┌─ DATASET

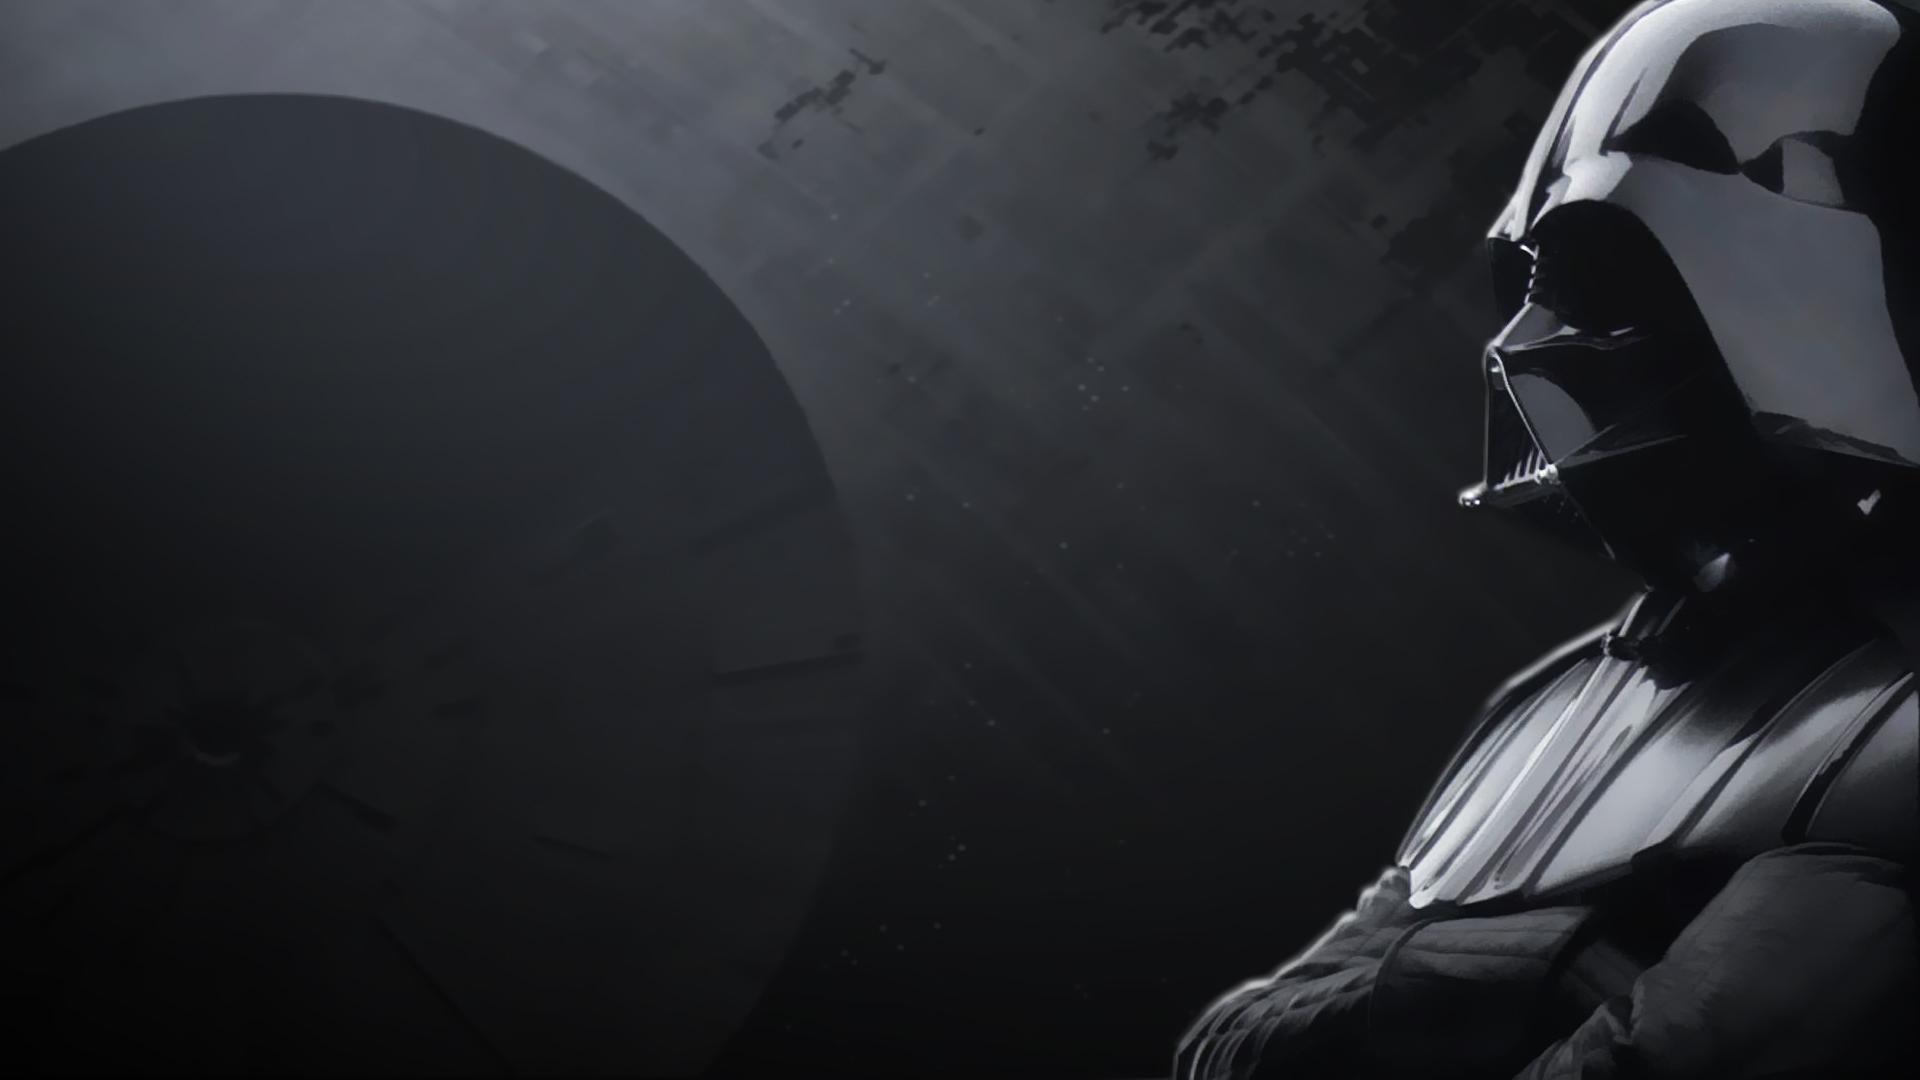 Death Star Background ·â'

└─
┌─ DATASET

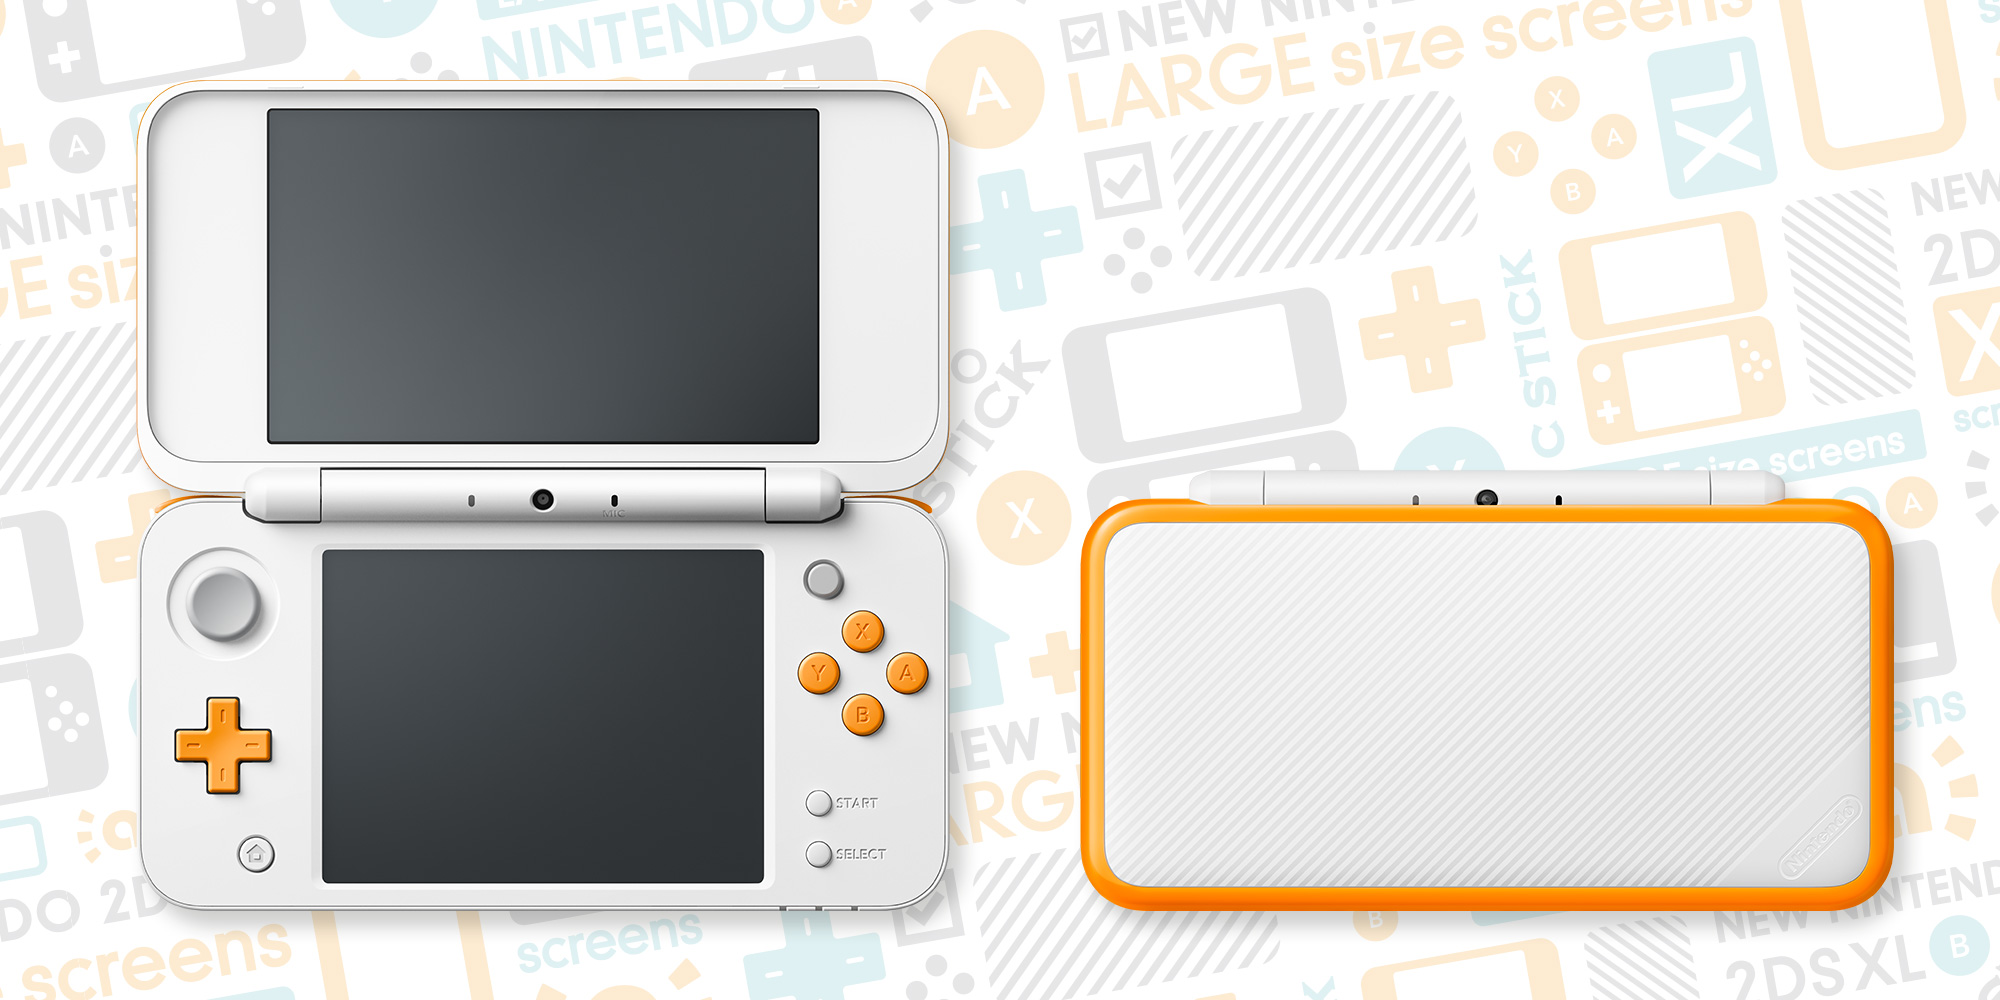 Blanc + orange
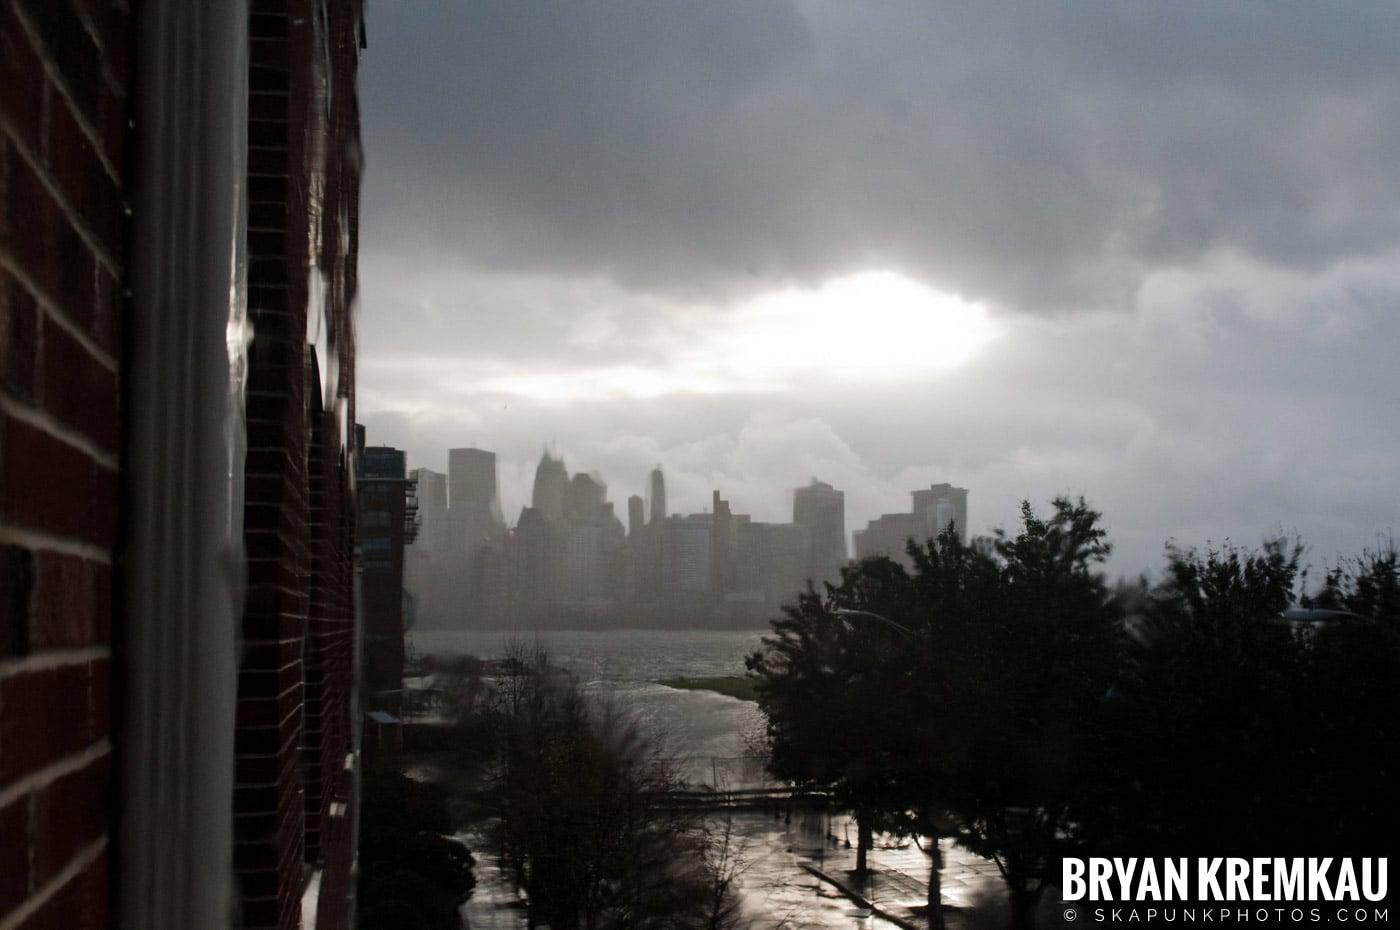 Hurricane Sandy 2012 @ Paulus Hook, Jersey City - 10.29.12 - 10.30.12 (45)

└─
┌─ DATASET

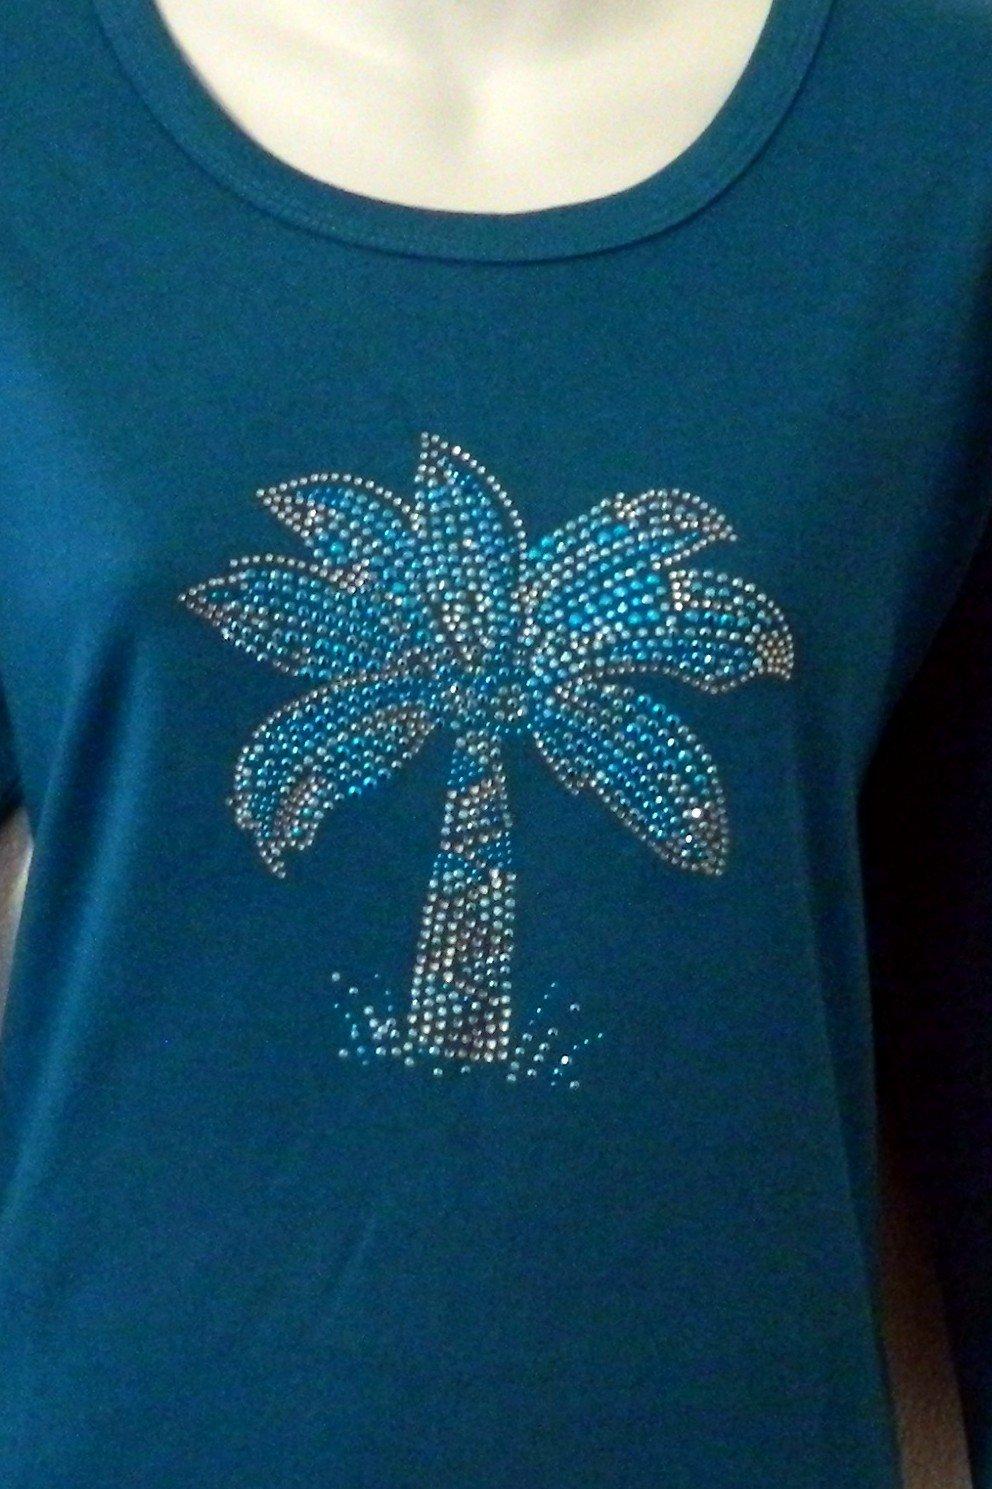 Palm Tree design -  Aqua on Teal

└─

PROBLEM STATEMENT –
Range to print from the listing above: from the line with "Blanc + orange" up to and including the line with "Hurricane Sandy 2012". Please print those lines exactly, with no pictures and nothing more.

YOUR RESPONSE –
 Blanc + orange
 Hurricane Sandy 2012 @ Paulus Hook, Jersey City - 10.29.12 - 10.30.12 (45)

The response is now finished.